I really hate to say this, because I really wanted your country to have a shot at democracy, but I don't think its gonna happen. And if I were an Iraqi Citizen right now I would do everything I could to get out of there. Because I don't think the Iraqi People have stepped up enough to help the American forces control the fanatics and the killers. The Kurds in the north, they're doing very well, they banded together. And Kuwait in the south has a Shia-Sunni mixture and they're doing very well. But for some reason, Madam, the Iraqi People are putting up with this terrorism and its going to lead to even more terrorism, am I wrong?
Yes, that 'Culture Warrior' also adds in the concept of comparing a small nation with limited territory, that you could easily lose in parts of Iraq to that of a much larger Nation. Perhaps he will next opine that Italians can't get the hang of stable government and he wouldn't be able to understand that because the Vatican CAN. Yes, those 2.4 million Kuwaitis living on 17,820 sq. km., which is about the size of Connecticut and Rhode Island, can show how easy it is to those 26.78 million Iraqis living on 437,072 sq. km, which is a bit larger than California. And Kuwait hasn't had a vicious and brutal dictator killing them off for 30 years, but did get the lovely opportunity to get INVADED by Saddam's Iraq. The Kurds to the north, in case it escaped Mr. Bill, happen to have a strong ethnic tradition of success and have had over a DECADE of safe haven from the tyrant Saddam.

I guess the rest of Iraq doesn't deserve that much time, according to Mr. Bill.

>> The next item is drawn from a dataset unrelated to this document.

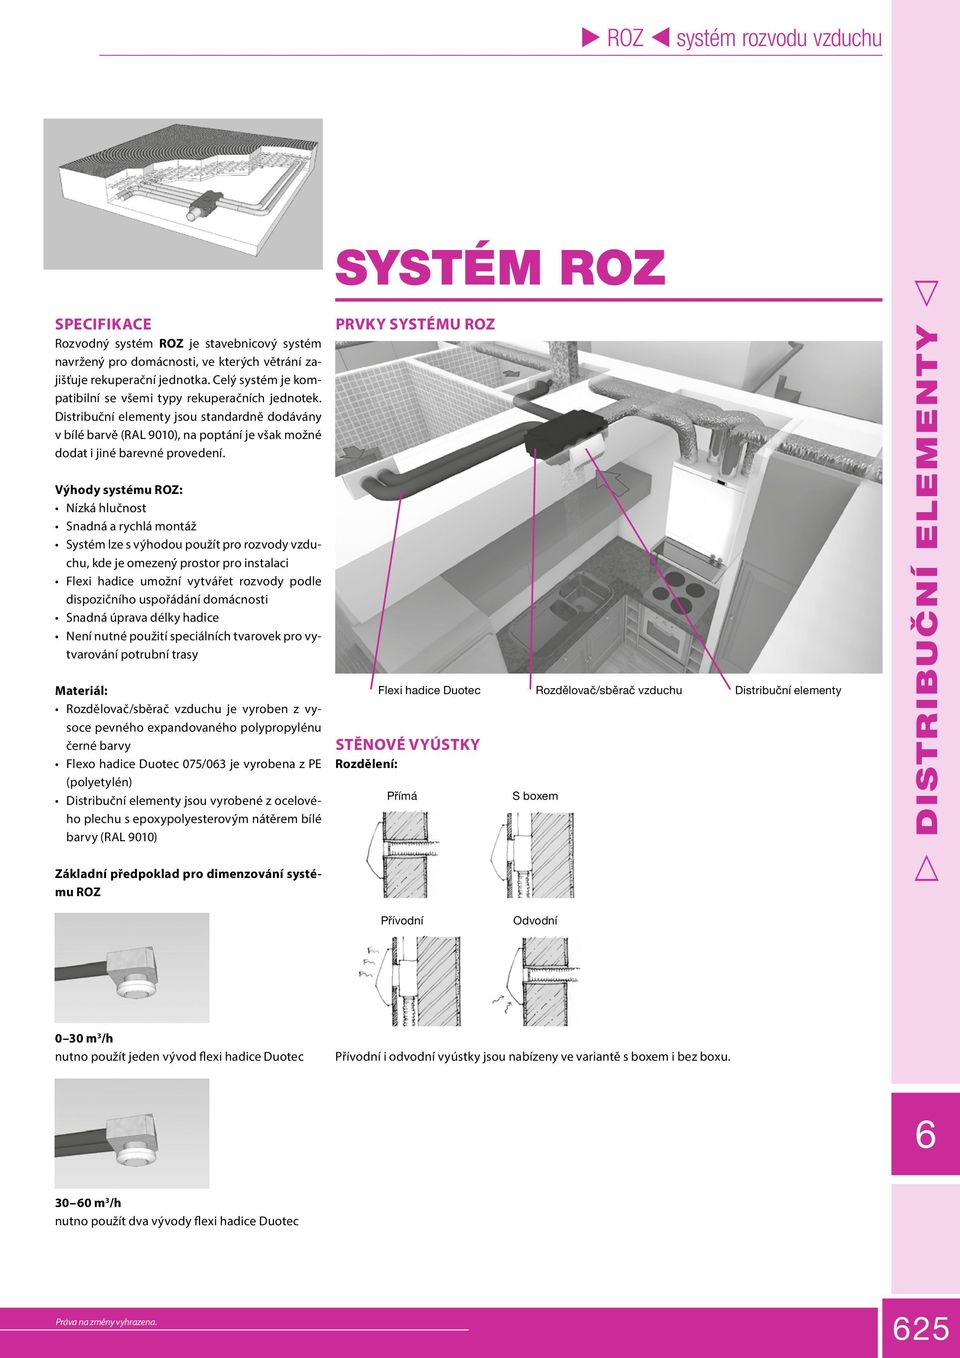 Výhody systému ROZ: Nízká hlučnost Snadná a rychlá montáž Systém lze s výhodou použít pro rozvody vzduchu, kde je omezený prostor pro instalaci Flexi hadice umožní vytvářet rozvody podle dispozičního

Then he is told that the People of Iraq are, indeed, stepping up to problems, informing on terrorists, leading soldiers to weapons caches and terrorists, and working hard and risking their lives to do so. From that Mr. Bill starts to opine some *more*:
O: All right. We see...[cross talk]... we hear that...

R: We have seen an improvement.

O: We hear that, but we see the body count every day. You know there are either more terrorists in Iraq than in any other country on the face of the earth has ever seen. Or the Iraqi People simply aren't doing what they should. As you know, no insurgency can exist unless the population tolerates it. That's what happened in Northern Ireland. It got to the point where the Northern Irish said 'no more' and it stopped. Here you got the Sunnis and the Shia, they hate each other, they're bombing each other. It doesn't seem to me that they're gonna stop. And we can't make them.
Oh, my! Such a lovely example of an ISLAND Nation finally wanting to stop terrorism. Plus he pulls the old Maoist 'fish hiding in the school of fishes' bit. Of course it would be wonderful if there were a civil society that recognizes civil government, but Mr. Bill seems to have forgotten that for 30 years and more it was the rule of a dictator that worked hard to put people who had little in common together so as to play them off against each other and start breaking down communities and instill fear of government. Just what he wanted. Northern Ireland is so like that, isn't it? Dictatorial rule for decades on end by a single leader? No democracy or even memory of it there? Society torn apart and individuals videotaped as they were fed into plastic shredders feet first? Yes, Northern Ireland is just *so* like Iraq.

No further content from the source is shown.